▶ **Directions for this task**:
Leaving out every picture, quote the data below exactly as it appears.
================
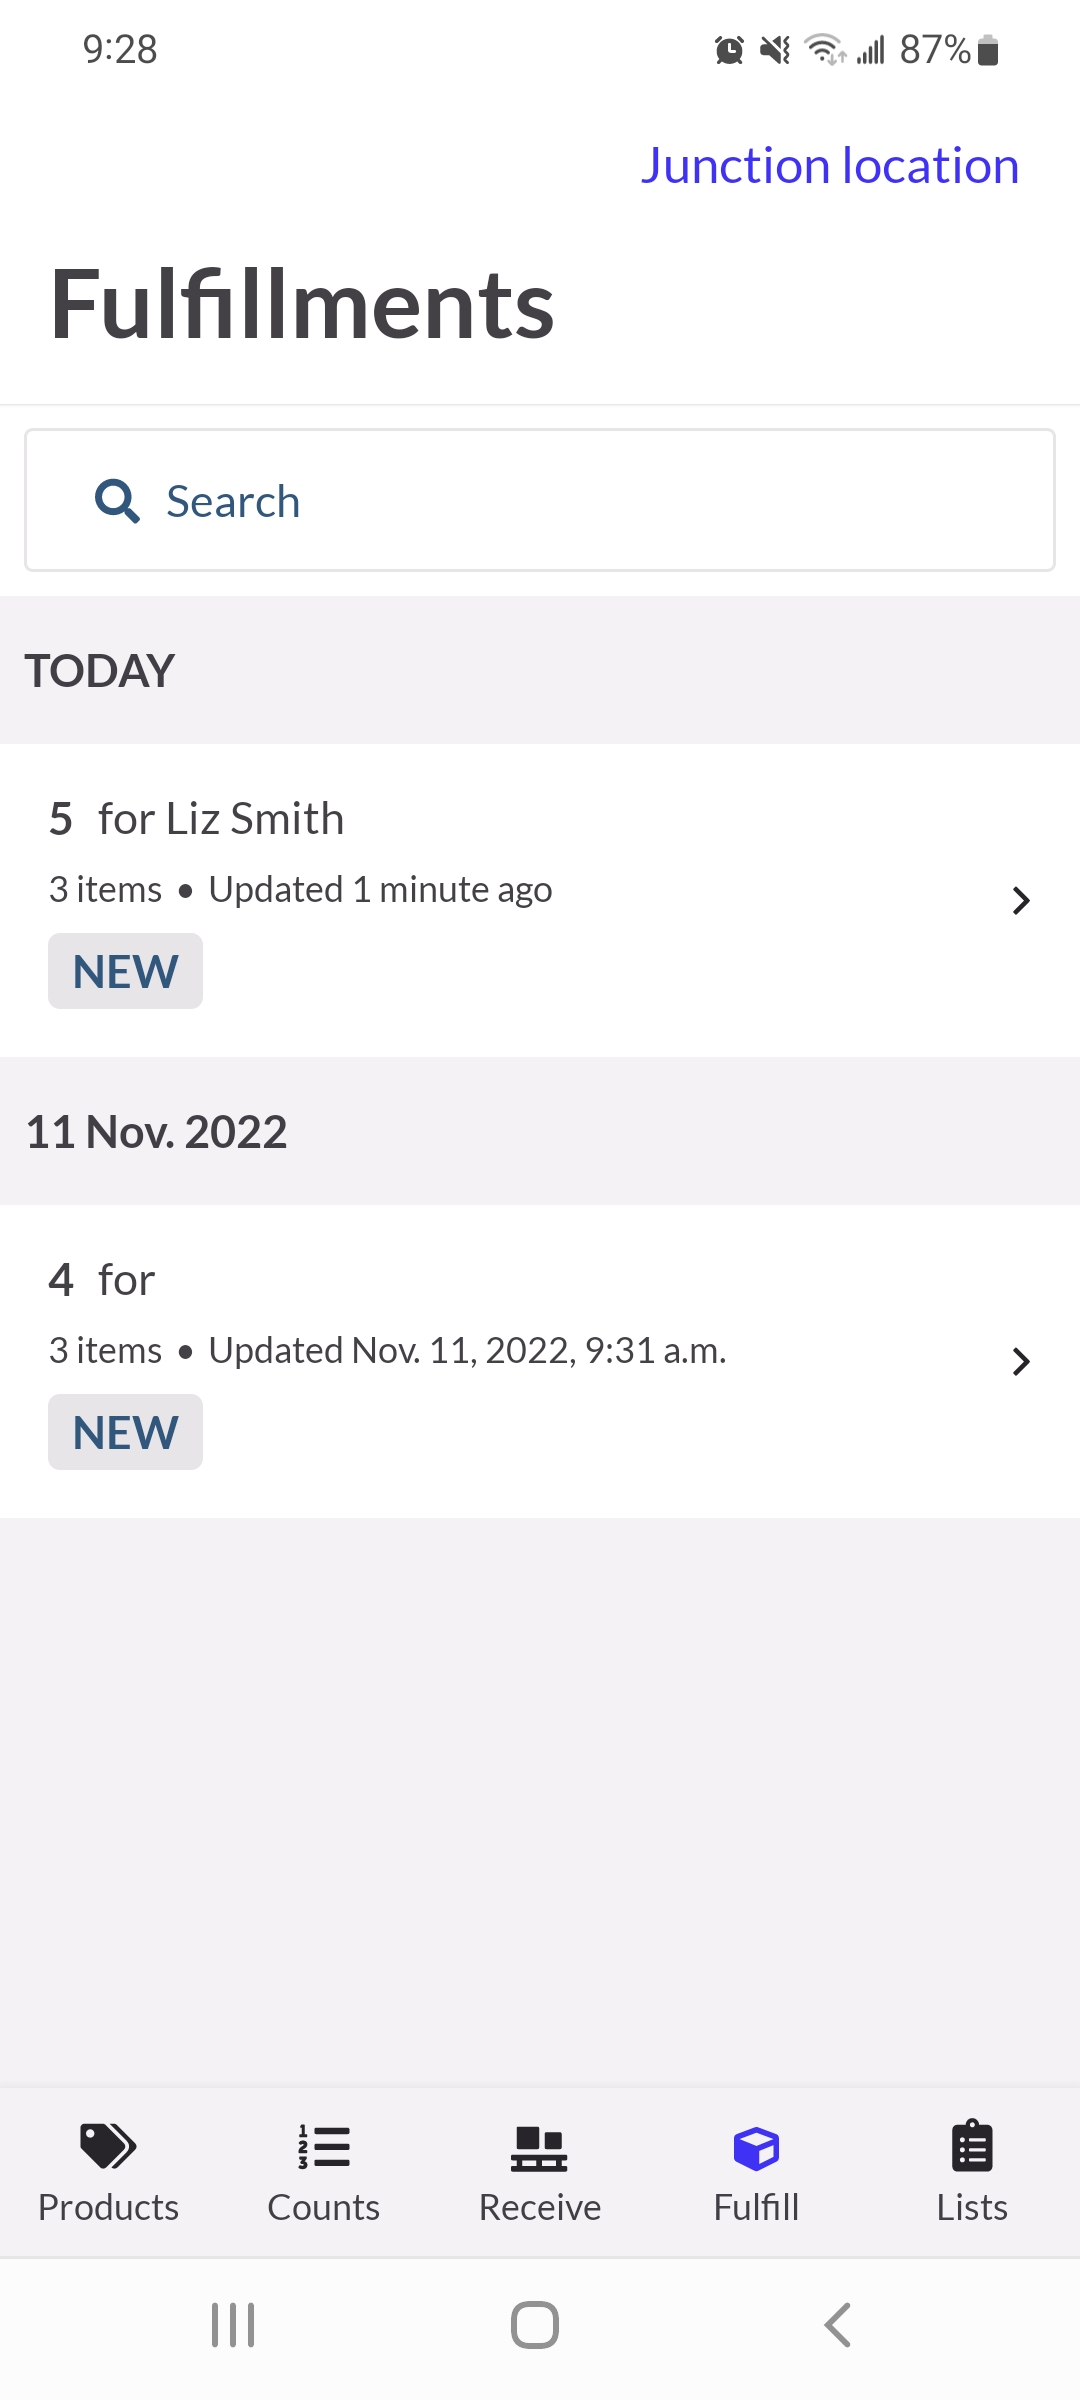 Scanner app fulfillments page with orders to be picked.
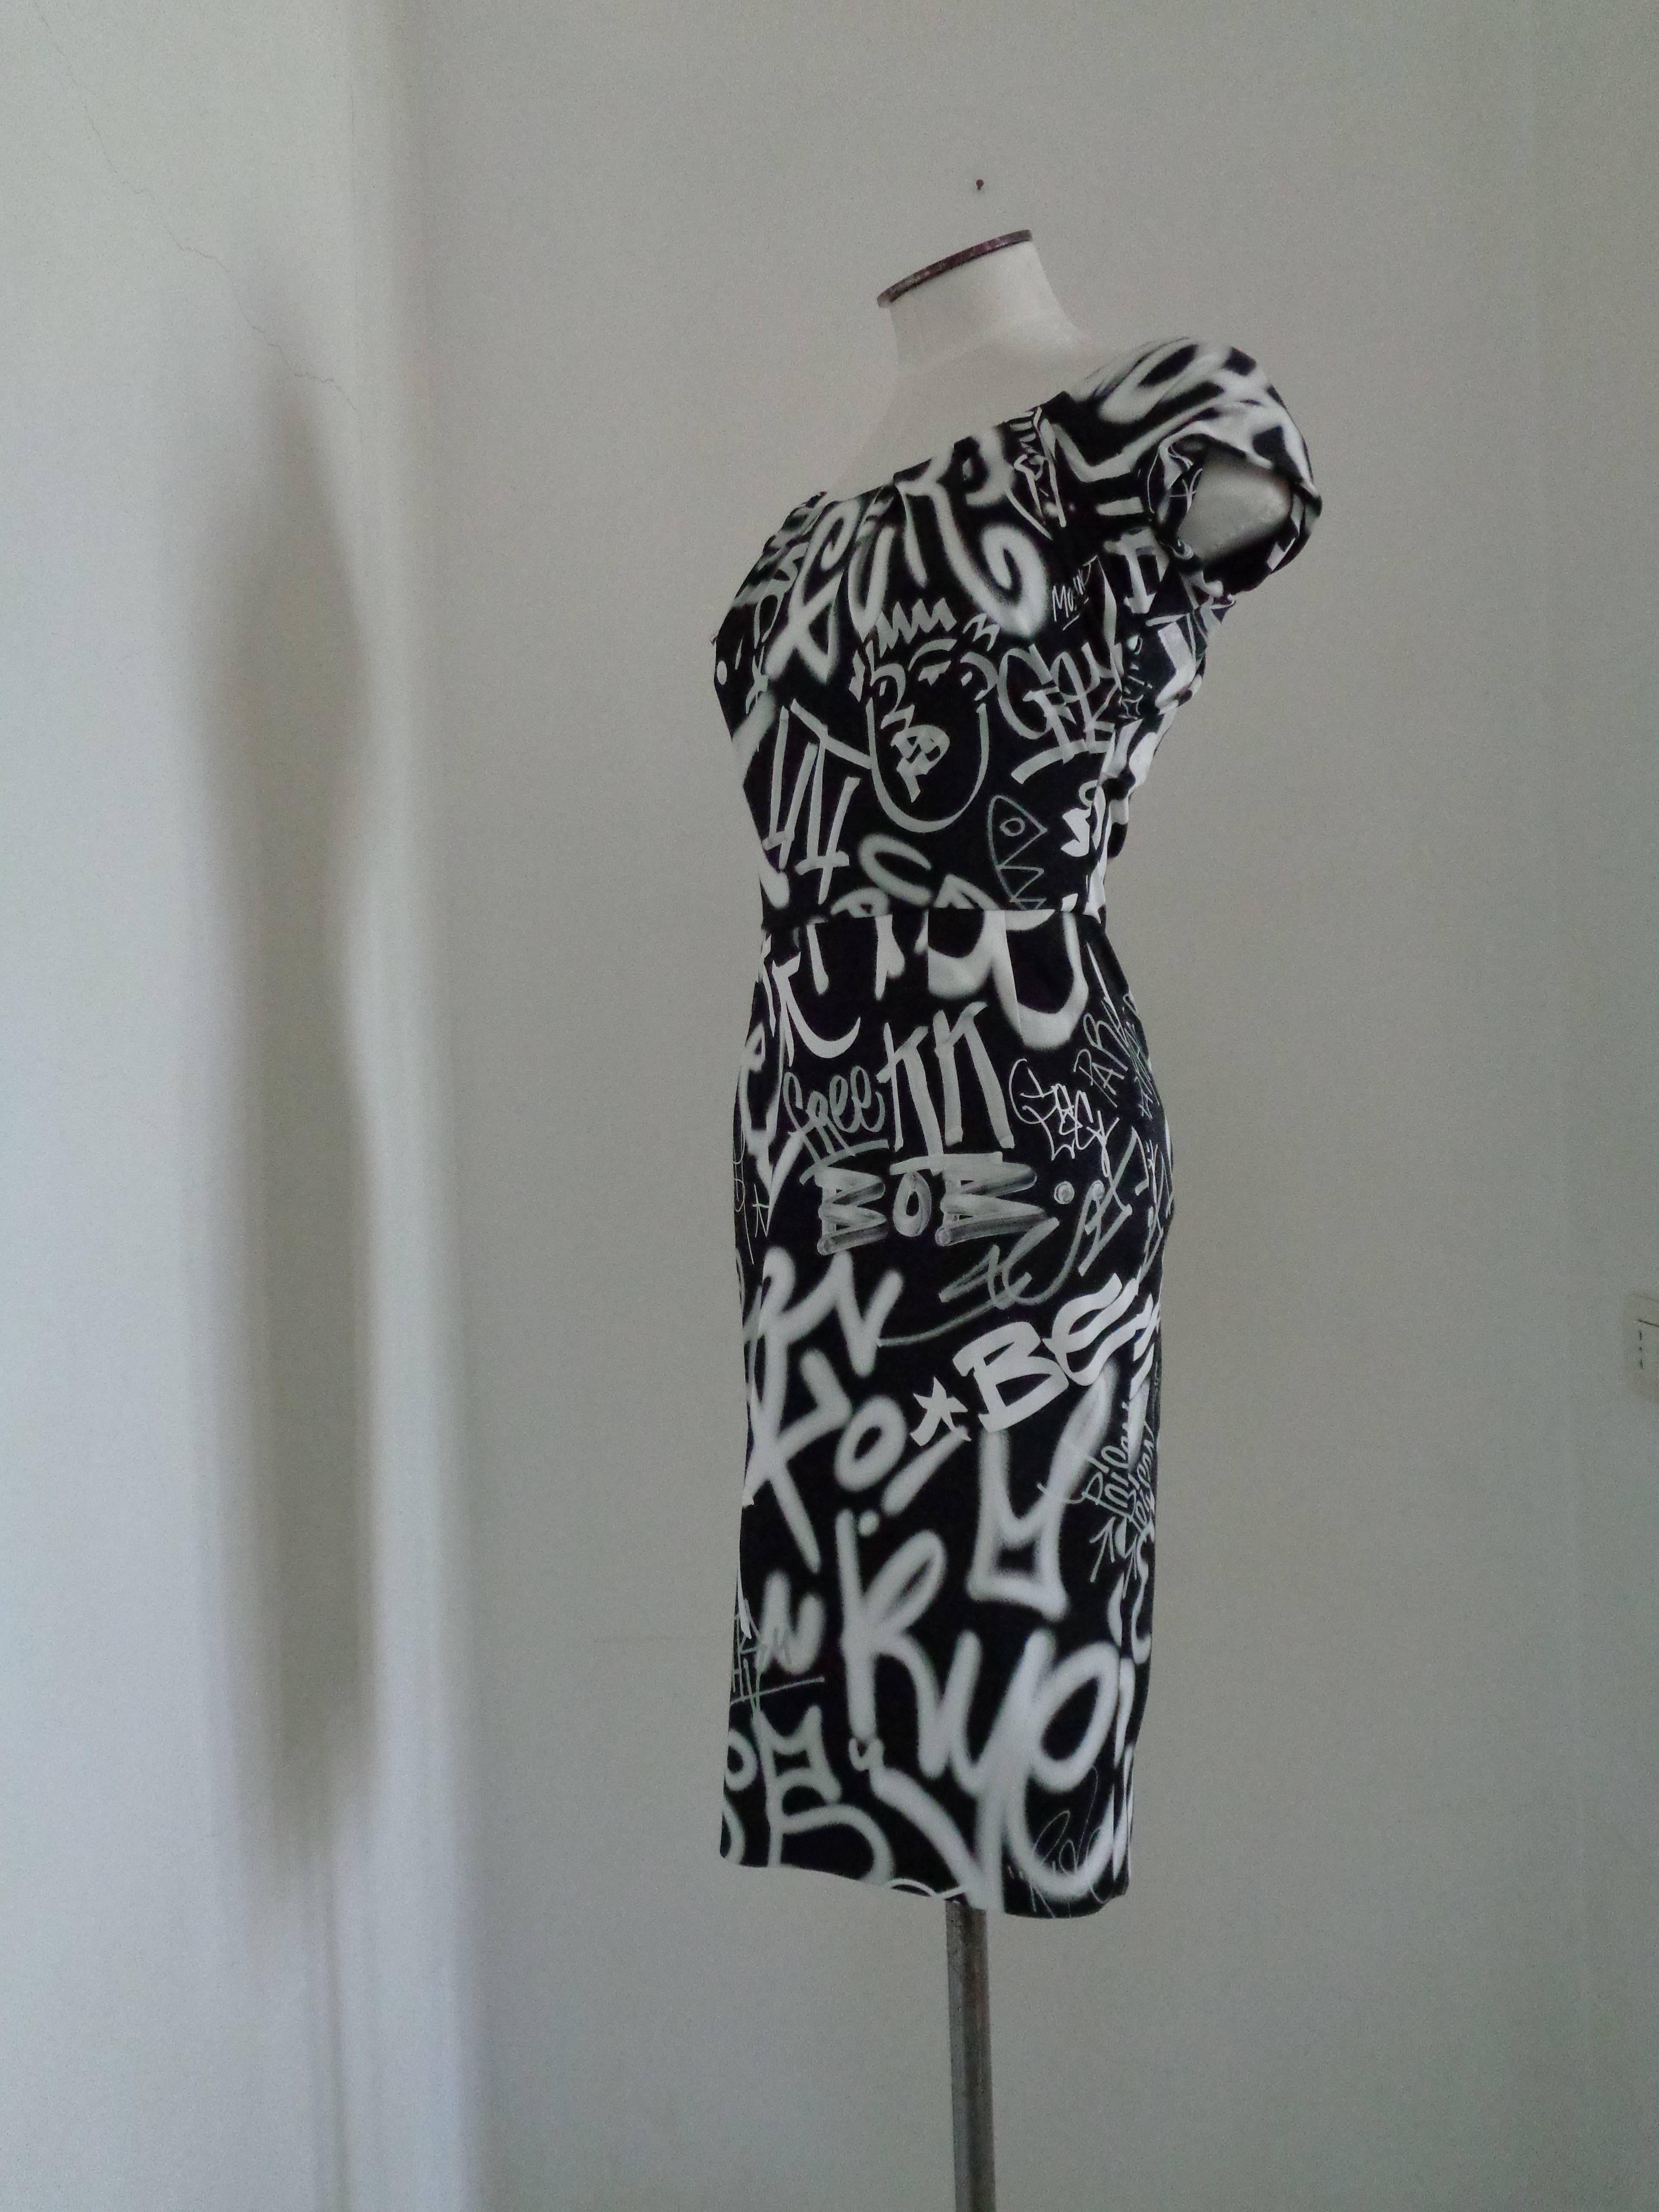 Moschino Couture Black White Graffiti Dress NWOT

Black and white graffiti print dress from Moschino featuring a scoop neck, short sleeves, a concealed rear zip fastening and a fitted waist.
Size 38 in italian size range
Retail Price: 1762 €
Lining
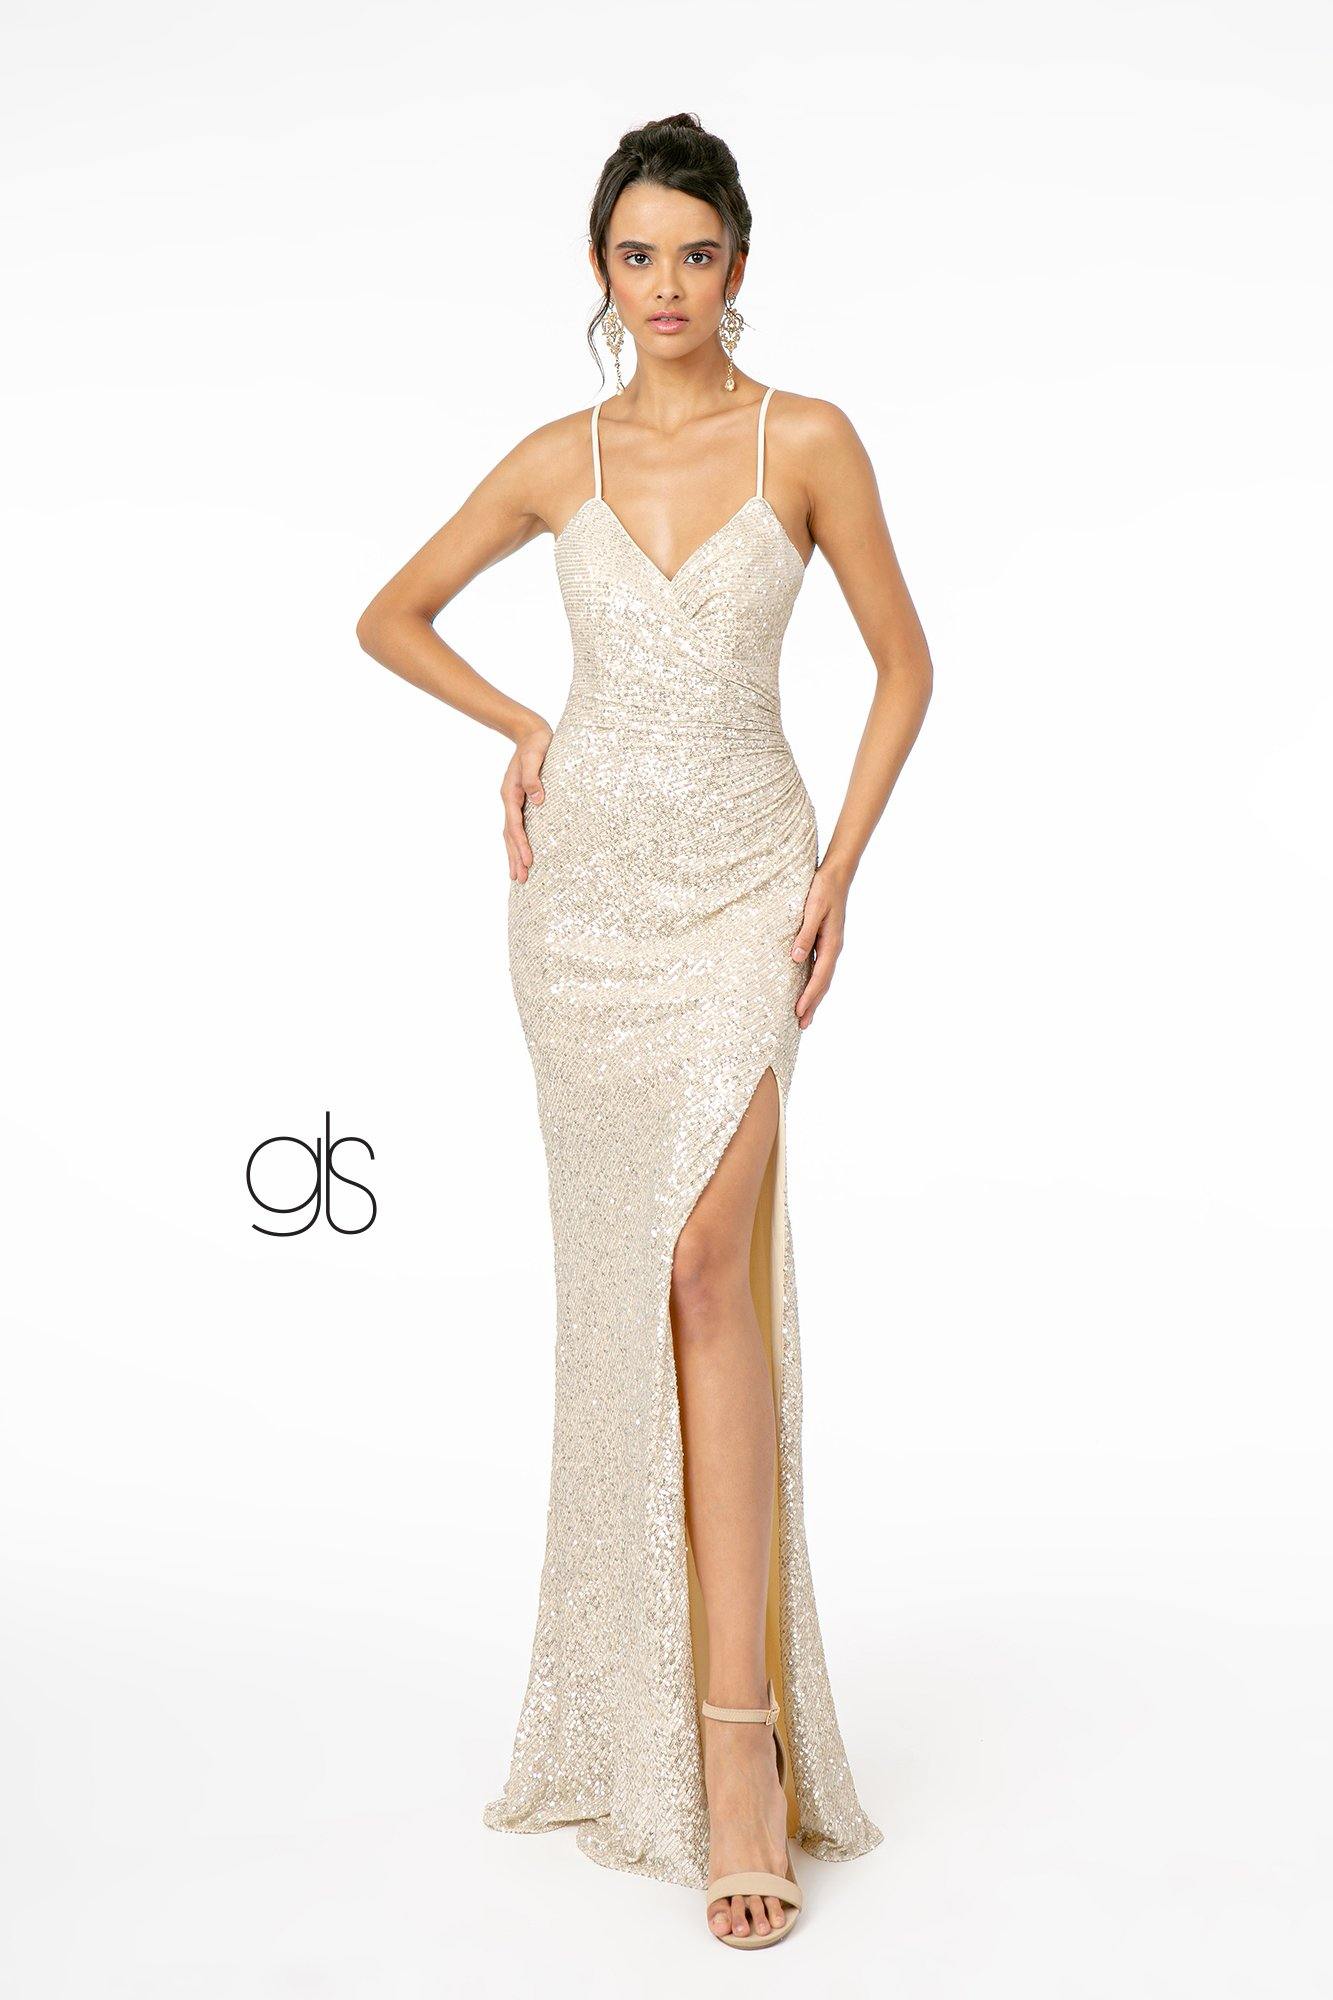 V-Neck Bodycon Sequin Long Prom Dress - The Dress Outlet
================
▶ **Answer space**:
 Scanner app fulfillments page with orders to be picked.
 Moschino Couture Black White Graffiti Dress NWOT

Black and white graffiti print dress from Moschino featuring a scoop neck, short sleeves, a concealed rear zip fastening and a fitted waist.
Size 38 in italian size range
Retail Price: 1762 €
Lining
 V-Neck Bodycon Sequin Long Prom Dress - The Dress Outlet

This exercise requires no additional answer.